Because of my beliefs, I do not fear death. I view death as sleep, a temporary condition that I will eventually be woken from. I do not believe I will go to Heaven after I die (the Bible confirms that), nor do I worry about Hell (the Bible shows there is no such place). I believe that if/when I die, I will be resurrected to a cleansed, paradise earth where there will be no more sickness or death and peace will abound (also in the Bible).
Some who fear death have been taught to fear the possibility of eternal torment. Even many of those who believe that they will go to Heaven still don’t want to die and will often fight to remain alive. The reason is because we were never meant to die, but due to the disobedience of our original parents we all inherited sin and death.
Like Michael, I also think those who do fear death, often fear the unknown. The process of dying is also scary, as none of us wants to be in pain.
If our responses so far to your question are representative of people in general, the majority do not fear death. That said, it depends on the timing, as someone stated earlier. I tell people I hope too live to be 90 something and die in my sleep. Even that’s a little scary considering I’m in my 70’s now.
I’ve had a number of friends die in the past few months, and they died because their bodies were sick and/or worn out. I think it was their time to go and from what I could tell, they died peacefully.
I believe in eternal life, so death is like turning the page on a brand new chapter of one’s life.
Christians believe that God will raise us from the dead on the last day. I’m an aspiring Christian, so I believe it also. My former pastor, someone I respect, once told us that “God always saves the best for last.” I wish I’d asked him how he knows, but if he was right, we have nothing to fear.
I imagine the fear of death for most is a combination of things. No one wants to confront the possibility that this is, indeed, all there is. Compound that with the loss of control of everything physical and mental and that makes for a really scary place to be. Will I wake up? Will I be who I am now? Is it going to hurt? Will I be able to communicate?

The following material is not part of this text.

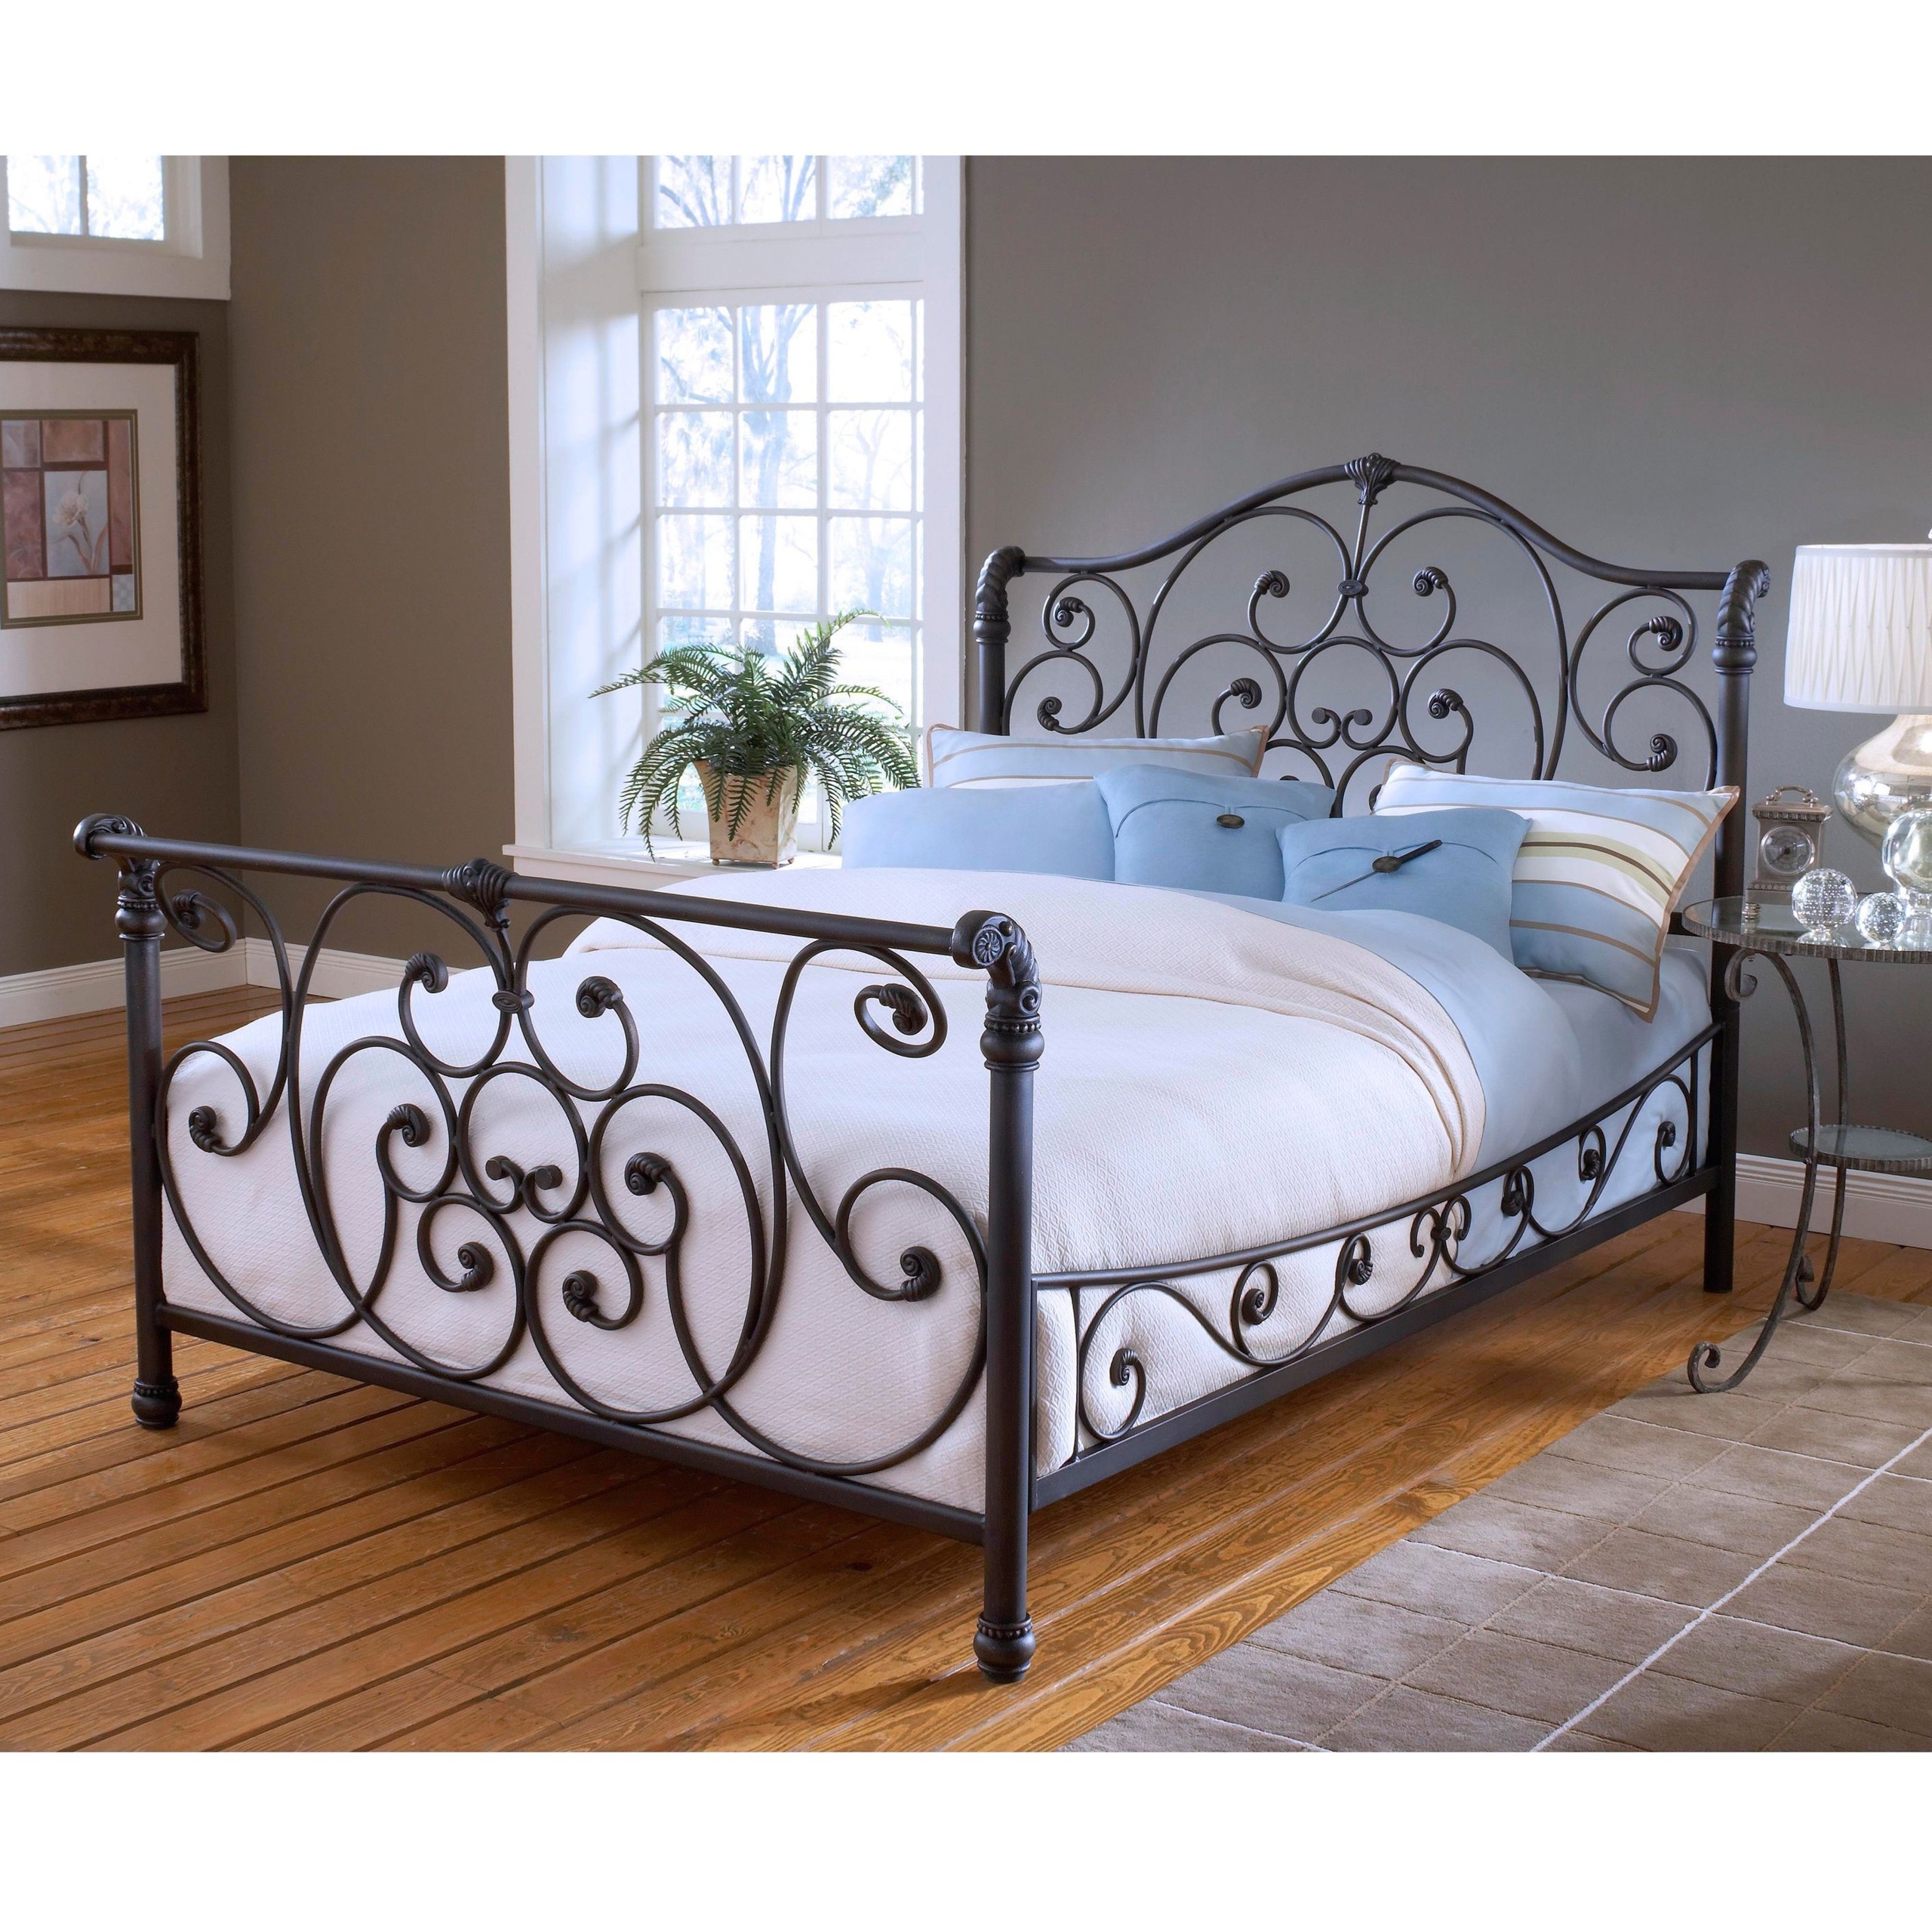 Hillsdale iron beds

There are some that believe that one isn’t really dead until all those who remember them have died as well. Is there life after death? Who knows, especially since once you have crossed that line, you can’t come back to talk about it. To haunt, yes, but not to narrate. After all, ghosts don’t know they are dead
I am not personally afraid of death, but rather the method. A few years ago, I was diagnosed with prostate cancer. This is easily treated if it is caught early and is not extremely aggressive. However, the only men I knew who had been diagnosed with prostate cancer died very extended and painful deaths. For a 6 week period I did not know how I was going to end up. My prognosis is good, but I had the real possibility of spending the next 10 years fighting an inevitable and painful end. It is no joke that your life comes into focus. You fully understand what is important or not and each decision is well thought out with every consequence considered. I hope to keep this in mind going forward.
Wrapped up in this question is another question for me (as usual)… why is it not always polite to discuss death? People get turned off by this subject, they say it’s depressing, or they avoid talking about their own deaths or other peoples deaths. Perhaps, if asked, they would even say they do not fear death! Yet often they have not discussed it with people they are closest to or prepared for death in any way. Avoiding it feels like an act of fear.
As a society we’ve done a really poor job at integrating this very definite part of our lives.
In the United States I grew up around dark funerals, quiet wakes, and desolate graveyard burials all cloaked in immense sadness. Culturally I think this has created a foundation of fear around death.
In some cultures death is celebrated like a wedding might be. It is (as some people have said here) a passage onto a next chapter! I wish culturally we could find a more positive spin on death. Then maybe some of that fear wouldn’t exist.